Blog > Small problems in health and care, can be prevented from becoming big ones, by addressing them in a prompt and rehabilitative way – Carol Christensen-Moore


12
February

Small problems in health and care, can be prevented from becoming big ones, by addressing them in a prompt and rehabilitative way – Carol Christensen-Moore

“Making a mountain out of a mole hill”, “blowing a situation out of proportion”, whichever way you choose to phrase it, it is common knowledge that when mismanaged or left unresolved, small problems can be exaggerated and made worse. In any workplace this can have significant consequences, particularly in a health and social care environment, where, potentially, the impact on staff competence levels could be truly life-threatening.

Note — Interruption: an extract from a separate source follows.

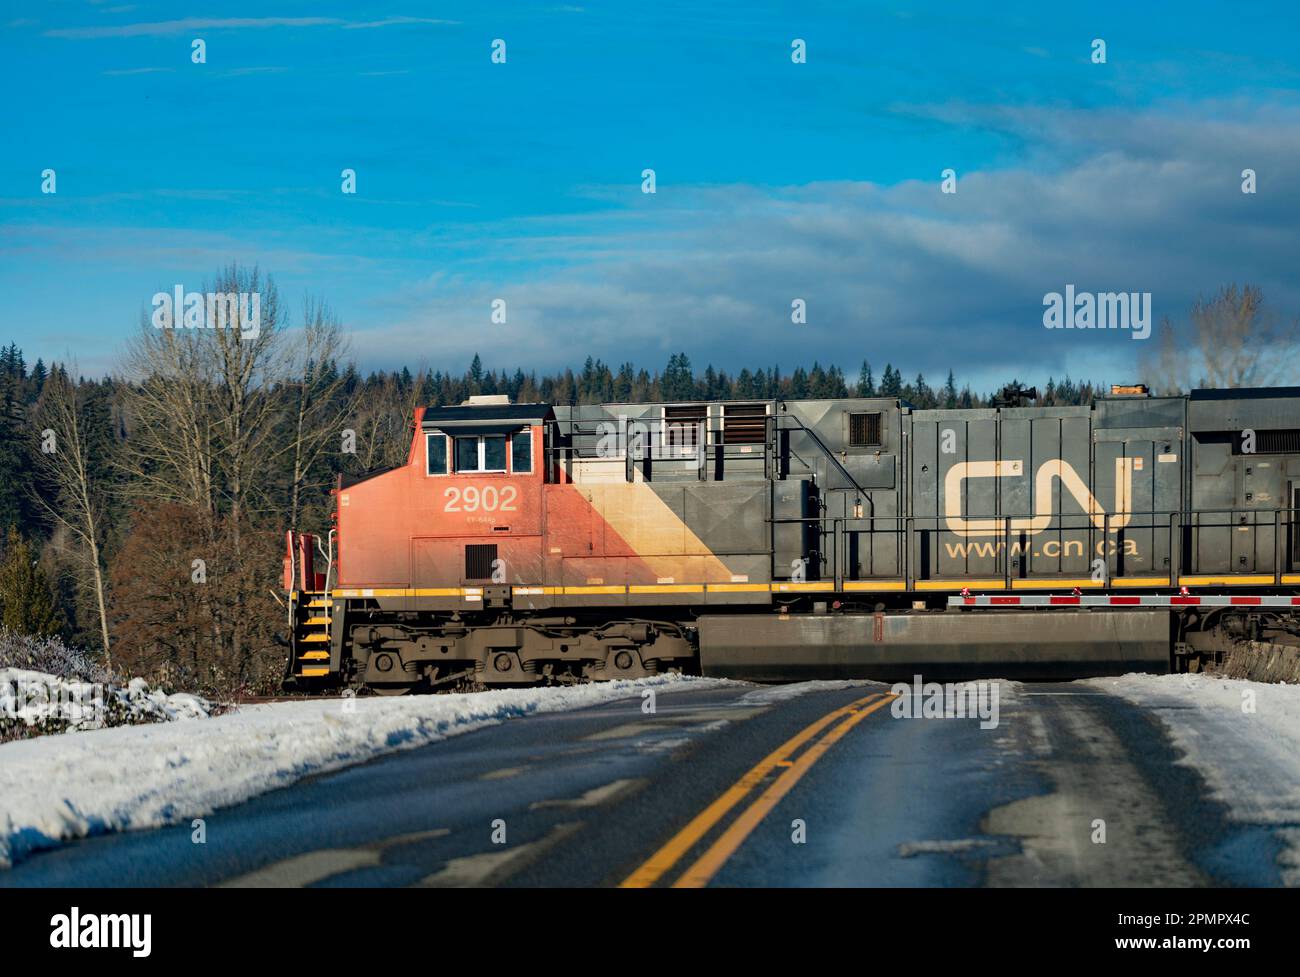 Canadian National Railway train engine on tracks over a road with snow on the roadside; Langley, British Columbia, Canada Stock Photo

Recently, debate surrounding events such as the NHS’s post-Francis “duty of candour”, have fuelled interest in the role of engagement in competence, and supports new understanding of the challenges present in promoting and putting into practice values-based models of competence.

Today I am taking part in a panel discussion which will tackle this very subject, and launching the Health and Care Professions Council (HCPC) report ‘preventing small problems from becoming big problems in health and care.’ Intended to further understanding of the various factors that impact the competence of health and social care professionals, and in turn the quality of care being delivered. The study findings go some way towards bridging the gap between staff experiences, professional competency, and healthcare managers’ comprehension of the relationship between the two. Providing the High-level data, and insight needed, for managers to understand, respect and respond to their feedback.

Our research uncovered a very nuanced and fluid understanding of competence amongst practitioners and stakeholders. When it came to the impact of engagement versus disengagement on staff competence, there wasn’t a consensus as to a link between the two.

Though participants in the study saw potential for disengagement to lead to mistakes or incompetent practice, they thought this would be unlikely. They did agree, however, that a disengaged professional was unlikely to be ‘going the extra mile’.

 

Triggers for disengagement

Triggers for disengagement and external threats to competence reported by participants were strikingly similar. By far, the most reported threat to competency cited by participants were workload pressures, or dysfunctional teams and management systems:

  • Workload pressures
  • Operating outside scope of practice
  • Under-utilising skills
  • Professional isolation
  • Lack of autonomy
  • Lack of support for CPD
  • Poor or infrequent supervision
  • Poor management
  • Dysfunctional relationships
  • Personal circumstances (bereavement, divorce, financial pressures)
  • Blame culture
  • Working patterns

 

Possible ways of preventing problems

Patients, professionals and stakeholders also reported very similar ways of preventing small problems from becoming big problems, including access to clinical supervision and specialist assistance when required, professional networks and reflective practice:

  • Being valued
  • Good team dynamics
  • Good supervision
  • Regular appraisal and performance management
  • Buddying schemes
  • Mentoring
  • Preceptorship
  • Team building exercises
  • Professional networks
  • Reflective practice
  • Self-awareness
  • Keeping up to date
  • No blame culture

The study’s observations surrounding triggers for disengagement and how to minimise a problem’s impact, not only stimulate debate around the role of engagement in staff competence, but support healthcare managers in implementing the best staff support systems. For example, by developing good professional networks and ensuring good supervisory structures. In any case, finding ways of addressing small problems promptly, in a rehabilitative rather than adversarial way, would be good first steps.

*The publication includes a literature review conducted by Professor Zubin Austin of the University of Toronto and our empirical work with patients, HCPC registered professionals and stakeholders.